Golo Mann, konservativer Historiker (und wer das leugnet, soll es stichhaltig begründen) in seiner "Deutschen Geschichte des 19. u. 20. Jh." von 1957:
"Das Verhältnis zwischen Deutschland und dem neuen polnischen Staat konnte kein gutes sein. Polen war ja auf Kosten Deutschlands entstanden wie ehedem Preußen auf Kosten Polens. Daß Polen unter preußischer Herrschaft lebten, schien ihnen normal, der Stärkere dehnt sich aus gegen den Schwächeren; daß jetzt Hunderttausende von Deutschen in Polen leben mußten, schien als geschichtlich ungültig und unerträglich."

 

Paul Mannstein aus USA

Dienstag, 17-11-09 18:31

Sehr geehrter Herr Europa-Abgeordneter Elmar Brok bitte erklaren sie uns wieso "die Entscheidung über die Zusammensetzung des Stiftungsrats „im Konsens mit den Polen“" getroffen werden muss.

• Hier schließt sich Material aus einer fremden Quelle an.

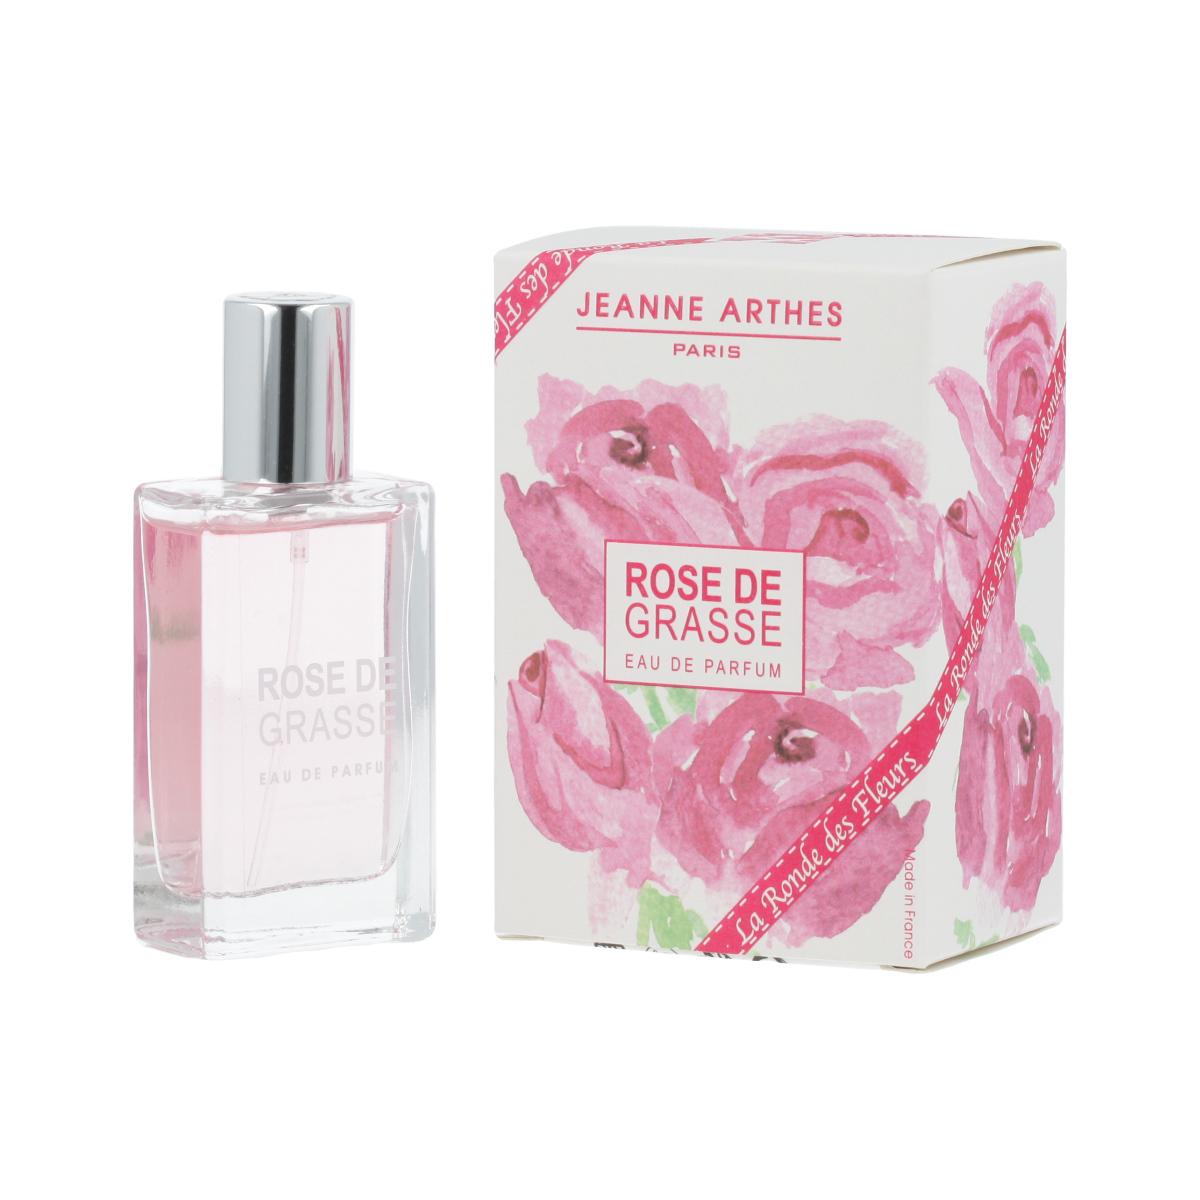 Jeanne Arthes Rose de Grasse Eau De Parfum 30 ml (woman) 13018

Was geht dass den Polen an wie in Deutschland uber eine innerliche deutsche Sache entscheidet wird?

Oder haben die Polen so ein schlechtes Gewissen dass sie Herr Brok ihnen das Leben mochten erleichtern naturlich wieder auf deutsche Kosten.

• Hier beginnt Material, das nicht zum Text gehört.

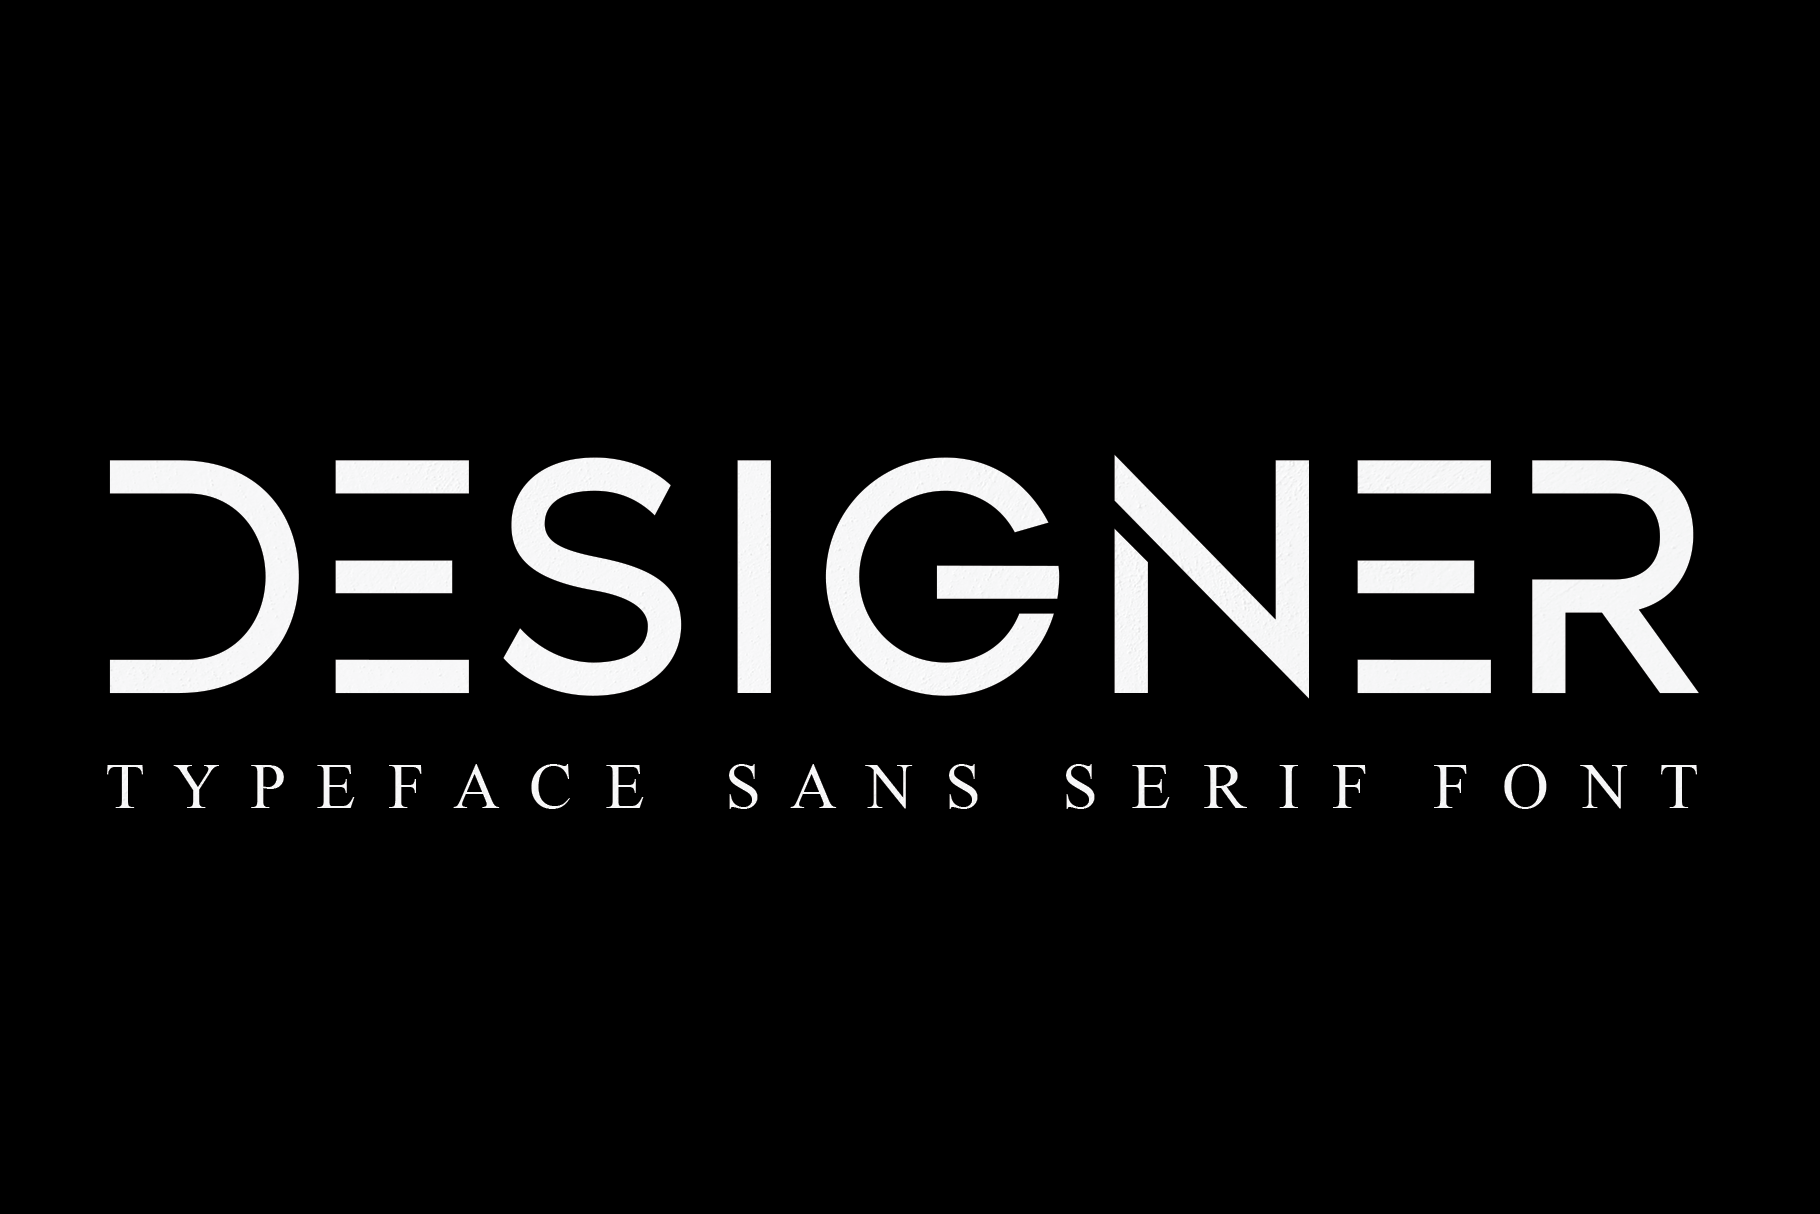 DESIGNER-Typeface

Nach Merkels September Auffuhrung in Danzig haben uns wirklich Kreaturen eurer Art auch noch gefehlt.

 

Martin K. aus NRW

Dienstag, 17-11-09 17:44

Wer Frau Steinbach mal Mut zusprechen möchte: erika.steinbach@bundestag.de

 

Olaf Ditges aus NRW

Dienstag, 17-11-09 16:09

Eine weitere Grenzverschiebung richtung Westen wäre mit Polen sicherlich auch konsensfähig.
Ob Brok gar ein verkappter Nazi ist der deutsche Verbrechen relativieren will, daß er einen solchen Vorschlag verschweigt?
Da sollten die Gesinnungswächter mal genauer hinschauen.

 

Dieter Wolff aus Köln

Dienstag, 17-11-09 15:19

Wann hört diese Schleimerei endlich auf!Was die Vertrieben wollen ist für unsere korreten Politiker vollständig unwichtig.Was wäre los wenn einer unsere alles wissenden Politiker sich in Polen einmischen würden, aber das werden wir auf dieser schönen Welt nicht erleben.

 

Benedict B. aus Westfalen

Dienstag, 17-11-09 14:33

Die deutsch-polnische Aussöhnung ist natürlich eine tolle und wichtige Sache, aber ich frage mich in letzter Zeit schon des öfteren, was denn nun konkret daran so bedeutend ist, daß diese diffuse und einseitige Verständigung mit ~38 Mio. Ausländern über das Gedenken an das Leid von 14-16 Mio. Landsleuten stellt.

 

F. F. aus NRW

Dienstag, 17-11-09 13:14

Ich wette jetzt und hier, daß Frau Steinbach nicht in den Rat berufen wird !!!!

Wie lange wollen denn die "Konservativen" noch von der Christenunion und den eigentümlich Freien verarscht werden ??

 

Rainer Thesen aus Nürnberg

Dienstag, 17-11-09 12:24

Hoffentlich bleibt die CSU hart. Politiker wie Westerwelle und Brok verwechseln Diplomatie und Außenpolitik mit schleimen und kriechen.